◆ SOURCE RECORDS:

════════════════════

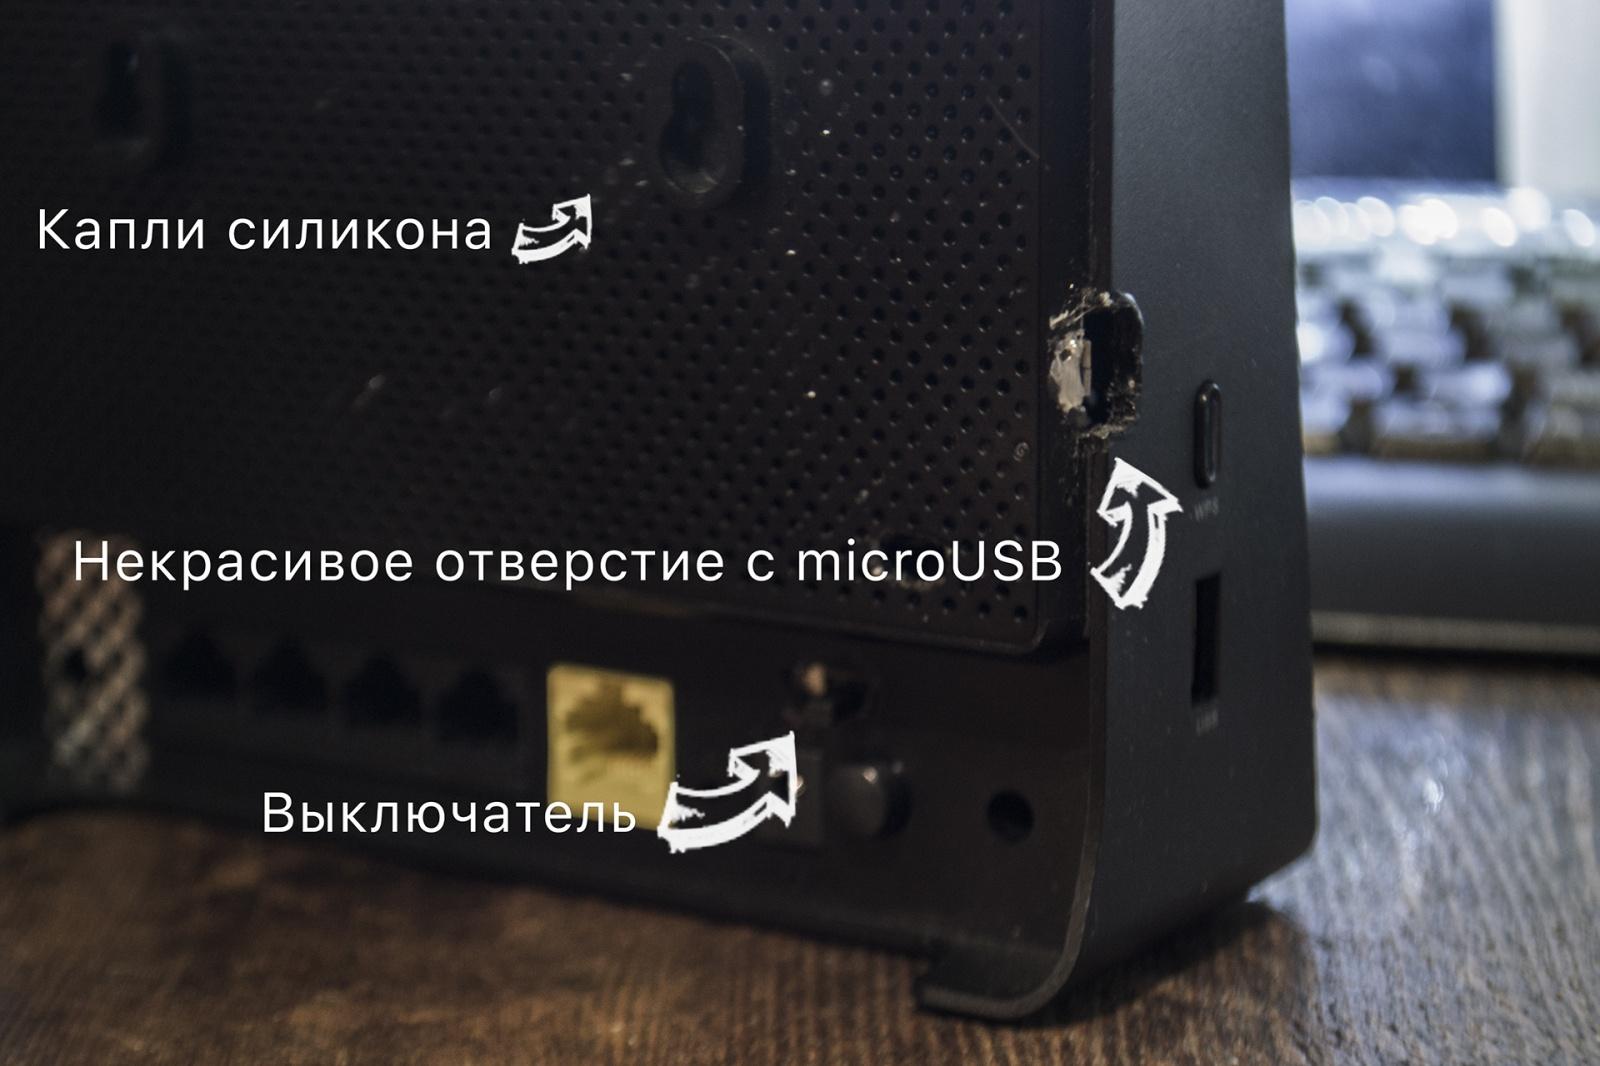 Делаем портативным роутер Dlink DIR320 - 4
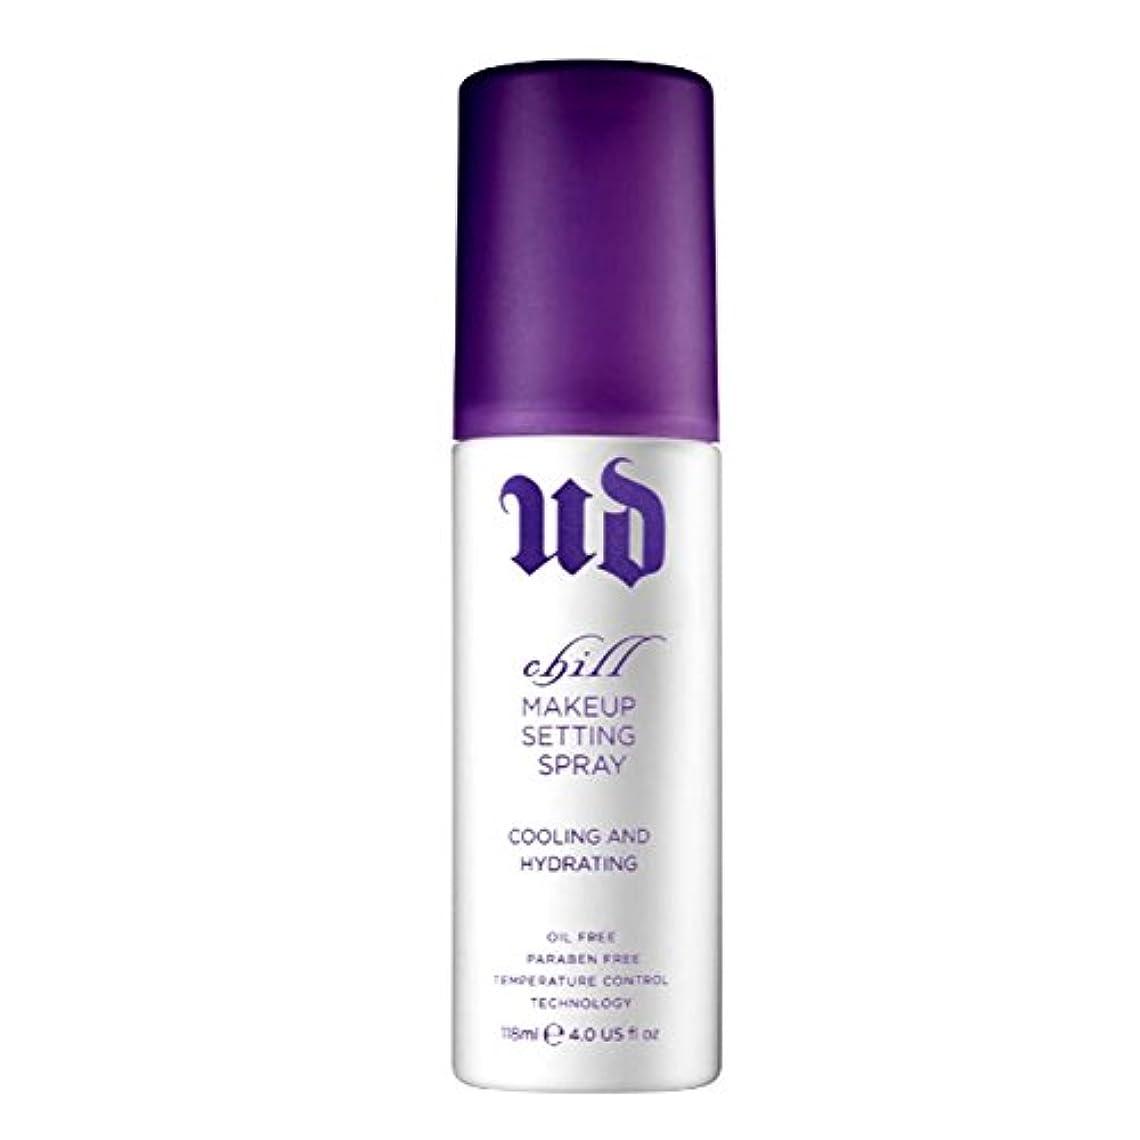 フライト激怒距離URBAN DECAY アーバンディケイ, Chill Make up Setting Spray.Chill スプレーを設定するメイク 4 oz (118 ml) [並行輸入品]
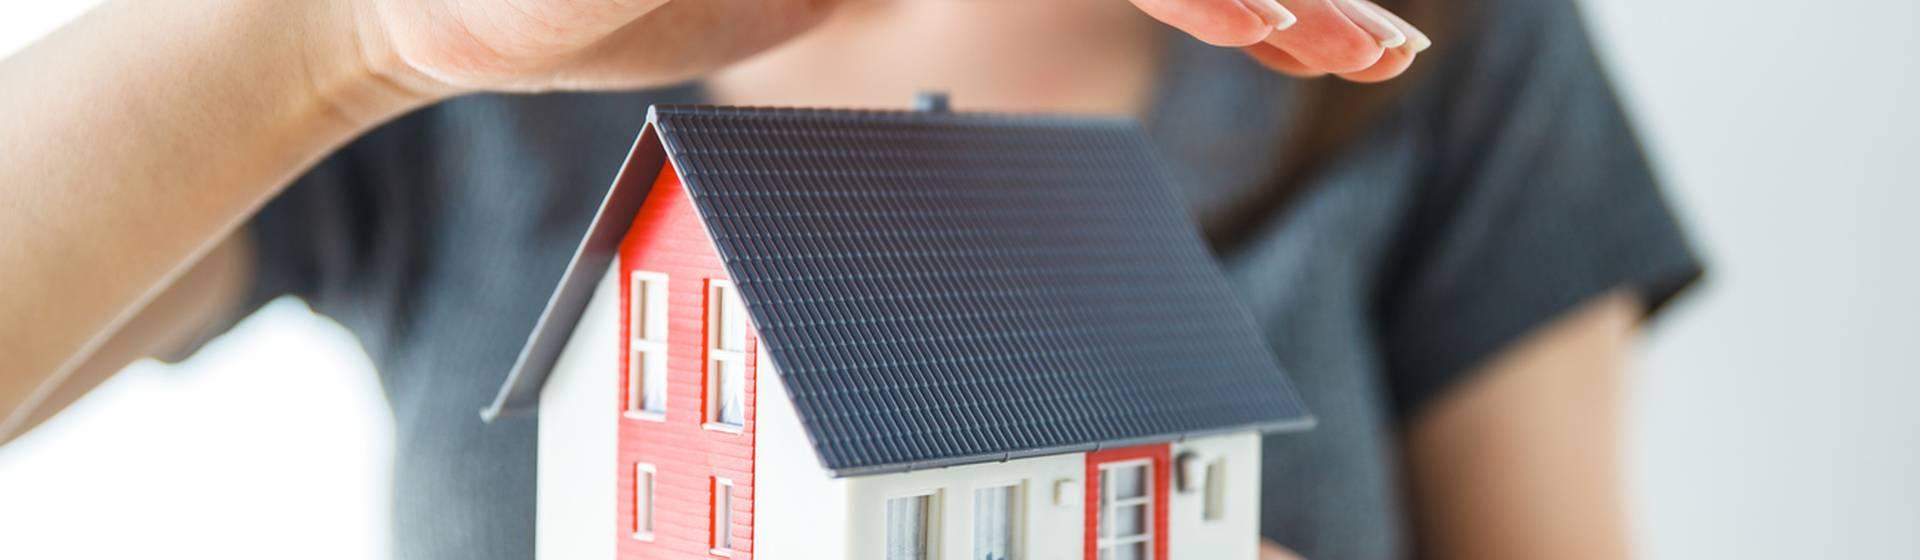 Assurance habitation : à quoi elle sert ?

════════════════════

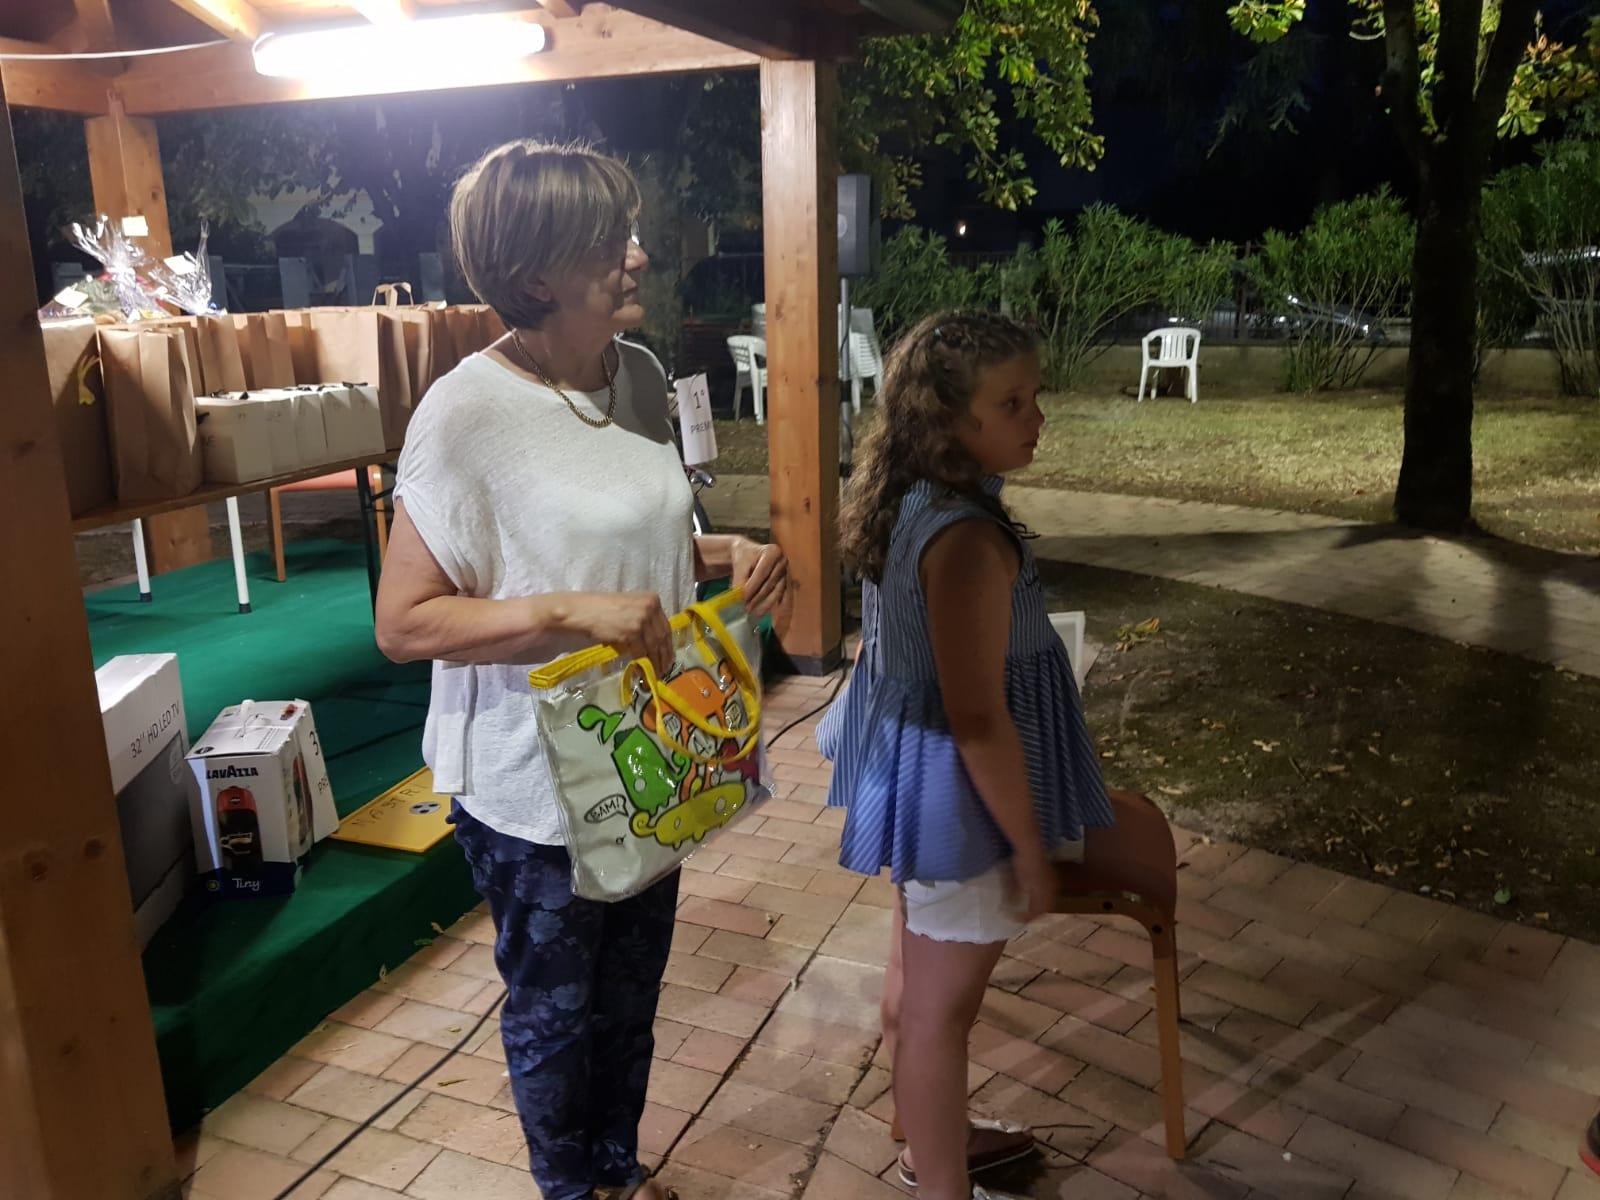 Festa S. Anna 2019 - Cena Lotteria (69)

════════════════════

In the material above, which lines fall between the one holding "Делаем портативным роутер Dlink DIR320 - 4" and the one holding "Assurance habitation : à quoi elle sert ?", inclusive? Print exactly those, with the pictures left out.

◆ RESPONSE:
 Делаем портативным роутер Dlink DIR320 - 4
 フライト激怒距離URBAN DECAY アーバンディケイ, Chill Make up Setting Spray.Chill スプレーを設定するメイク 4 oz (118 ml) [並行輸入品]
 Assurance habitation : à quoi elle sert ?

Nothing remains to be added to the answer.